The stress of not knowing how to get a baby to stop crying can push the most loving
parent to the breaking point. In this post, we’ll talk about what to do if you reach that
point, some of the ways to soothe a crying baby, and the risks of Shaken Baby Syndrome.
If your baby is crying, you don’t know why, and you feel frustrated, helpless, and angry, then often the best thing to do is to take a break. Put your baby down in her crib or another comfortable, safe place. Go make yourself a cup of tea, call a friend or family
member, or spend a few minutes in another room to help yourself relax.
Above all, it’s very important to remember never to shake a baby, no matter how frustrated or afraid you feel. Shaking a baby can result in Shaken Baby Syndrome, which is brain injury that can cause permanent damage or even death.

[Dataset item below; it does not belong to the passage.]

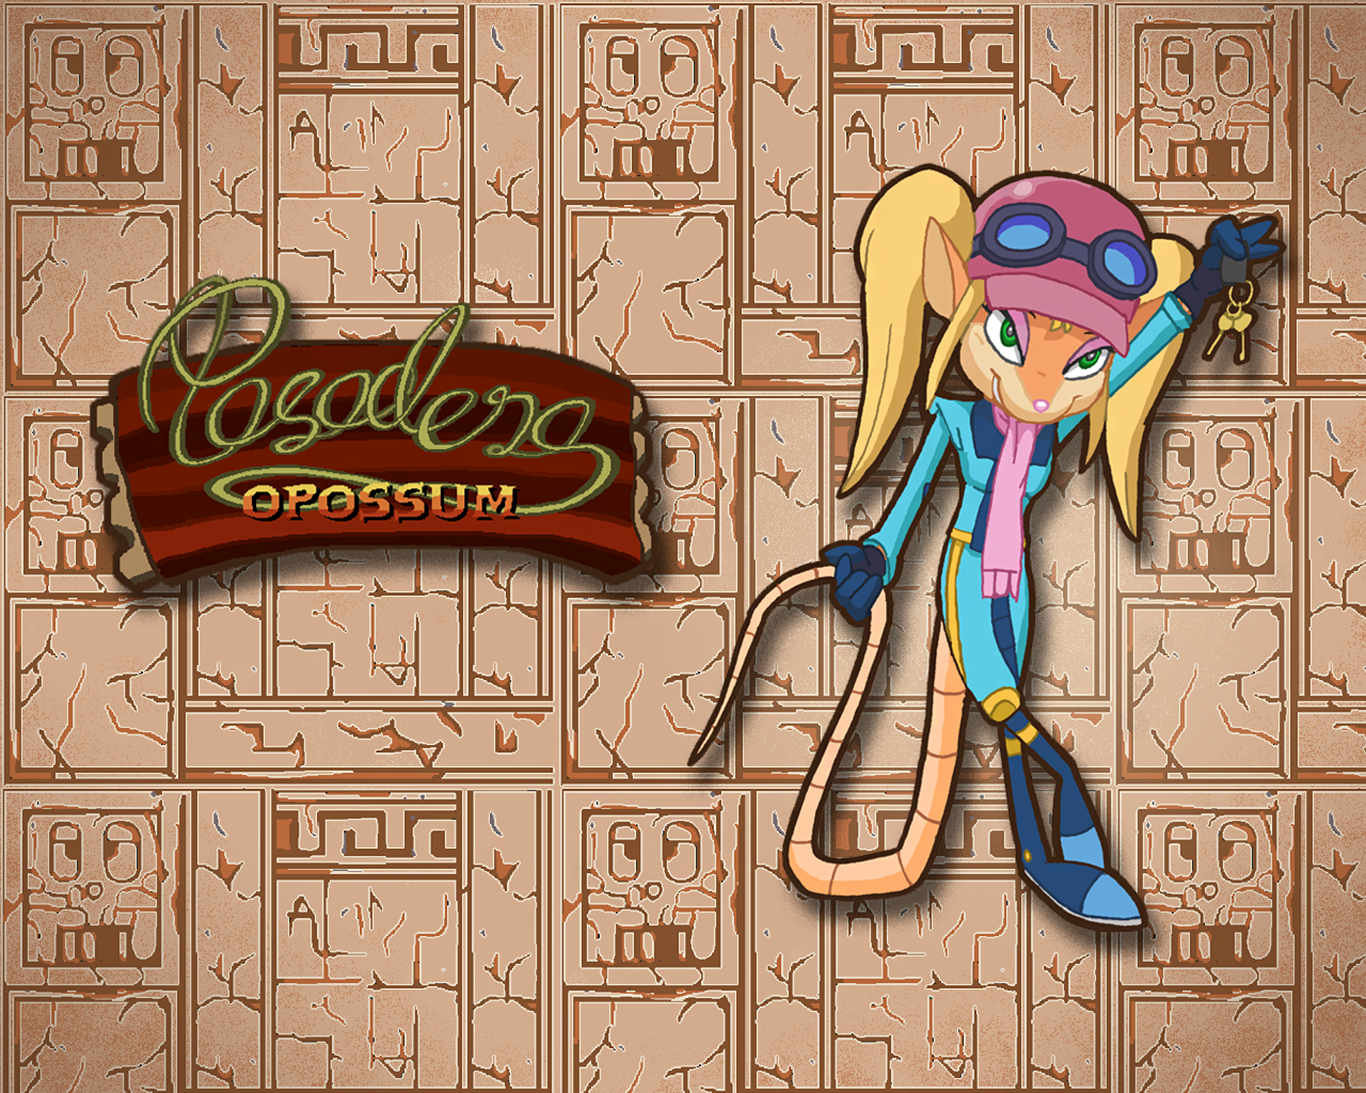 Pasadena O'Possum (Crash Bandicoot) HD Wallpapers and Backgrounds.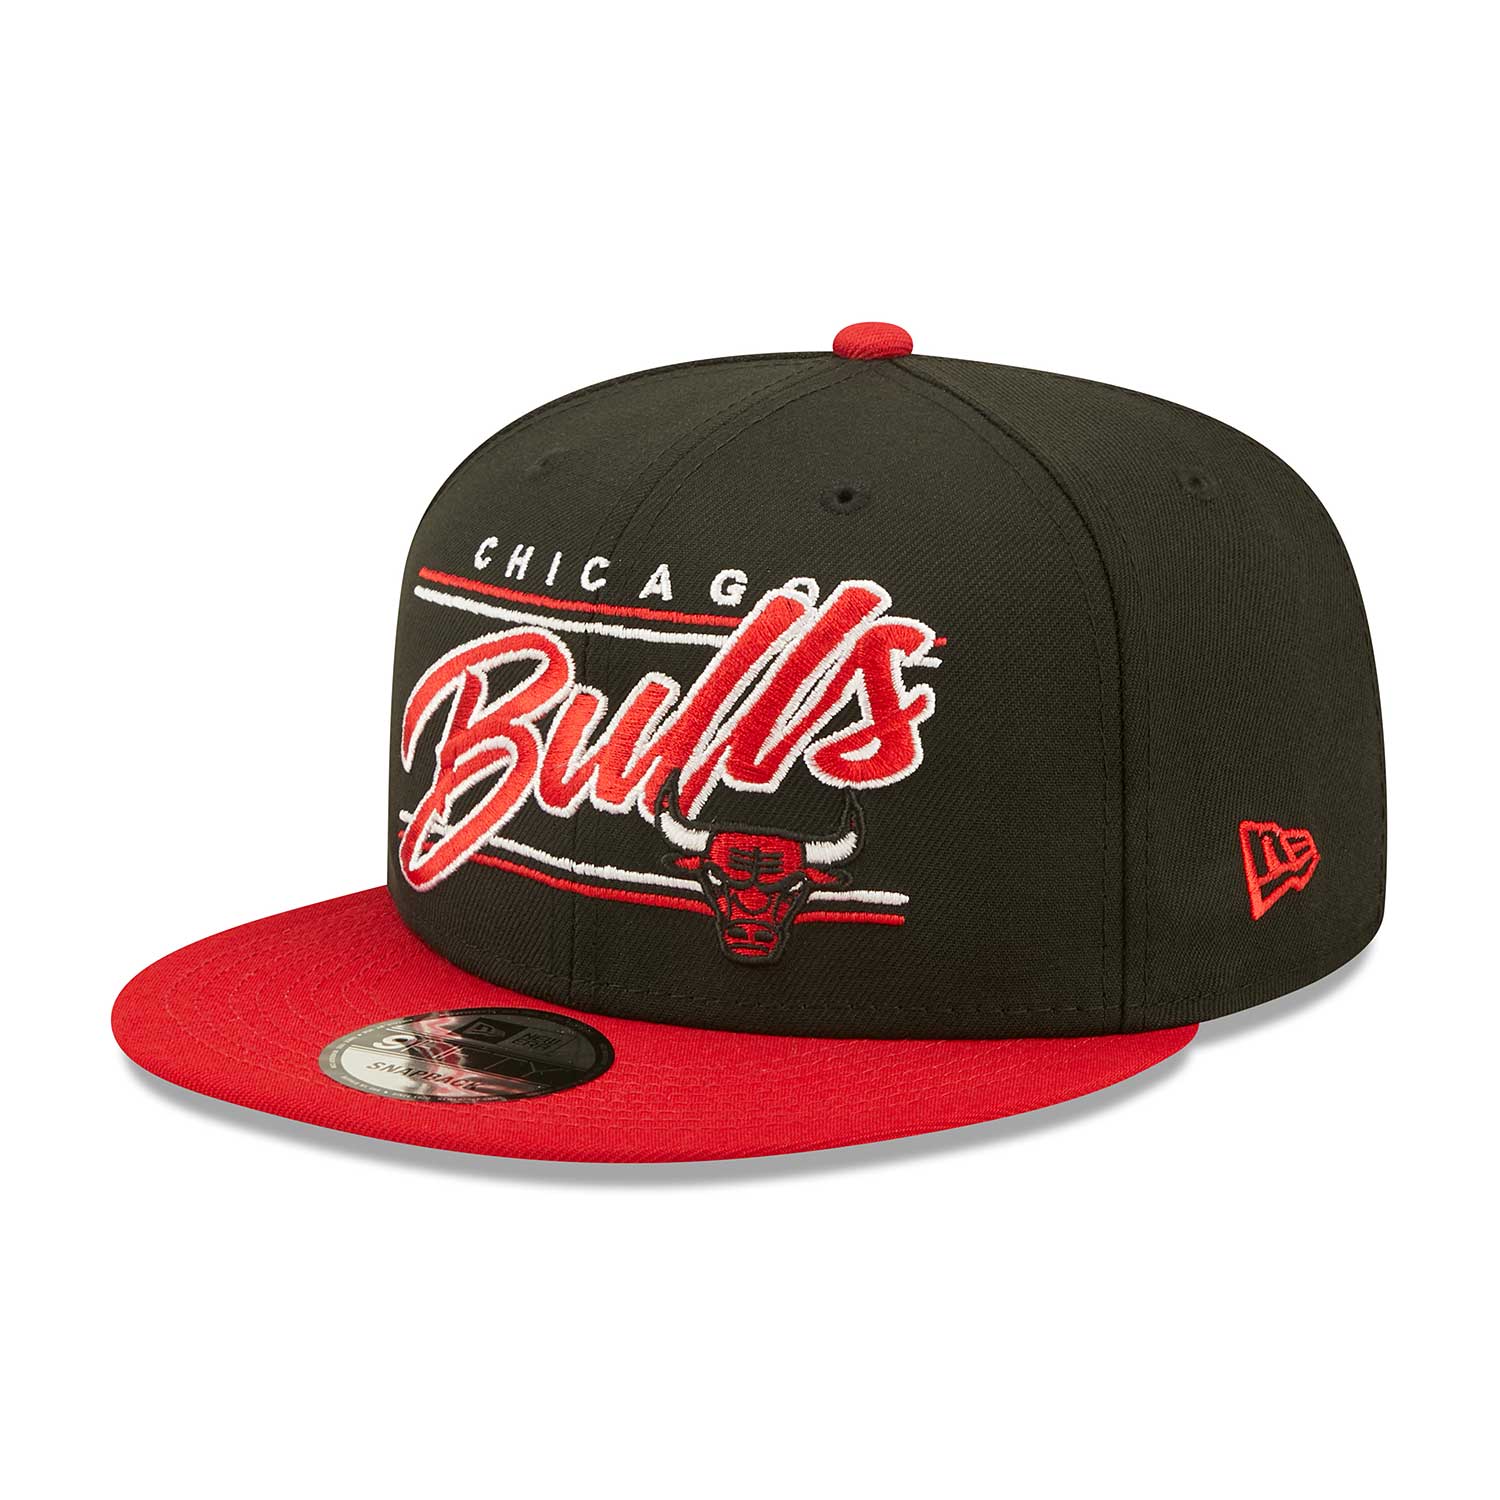 New Era Athletic Logo 9Fifty Red Mesh Snapback Hat

Bouncing your infant up and down or any other normal play activities are not enough to cause Shaken Baby Syndrome. But an adult shaking a baby, throwing them, or slamming them into an object can make the baby’s brain hit the inside of his or her skull, tearing the
blood vessels, nerves, or brain tissue. This is simply because babies have big heads that they can’t support very well and their brains are still fragile and developing.
Knowing how to get a baby to stop crying will help you avoid reaching a high level of frustration. Different babies respond to different things, so you will probably need to try a number of different approaches in order to soothe a crying baby.
First, make sure there is nothing physically wrong with the baby, like hunger, irritation or pain, extreme cold or heat, or needing a diaper change. You can then try soothing strategies like holding him or her close to you, rocking, singing, or using white noise
like a fan. Sometimes a baby may just need something to distract them so that they stop crying, so trying to entertain him or her or providing a change of scenery can help.
If you have tried everything you can think of without any luck, then it’s okay to step back for a moment to regroup. Remember that your baby’s crying will not physically hurt her, and sooner or later, she will stop on her own.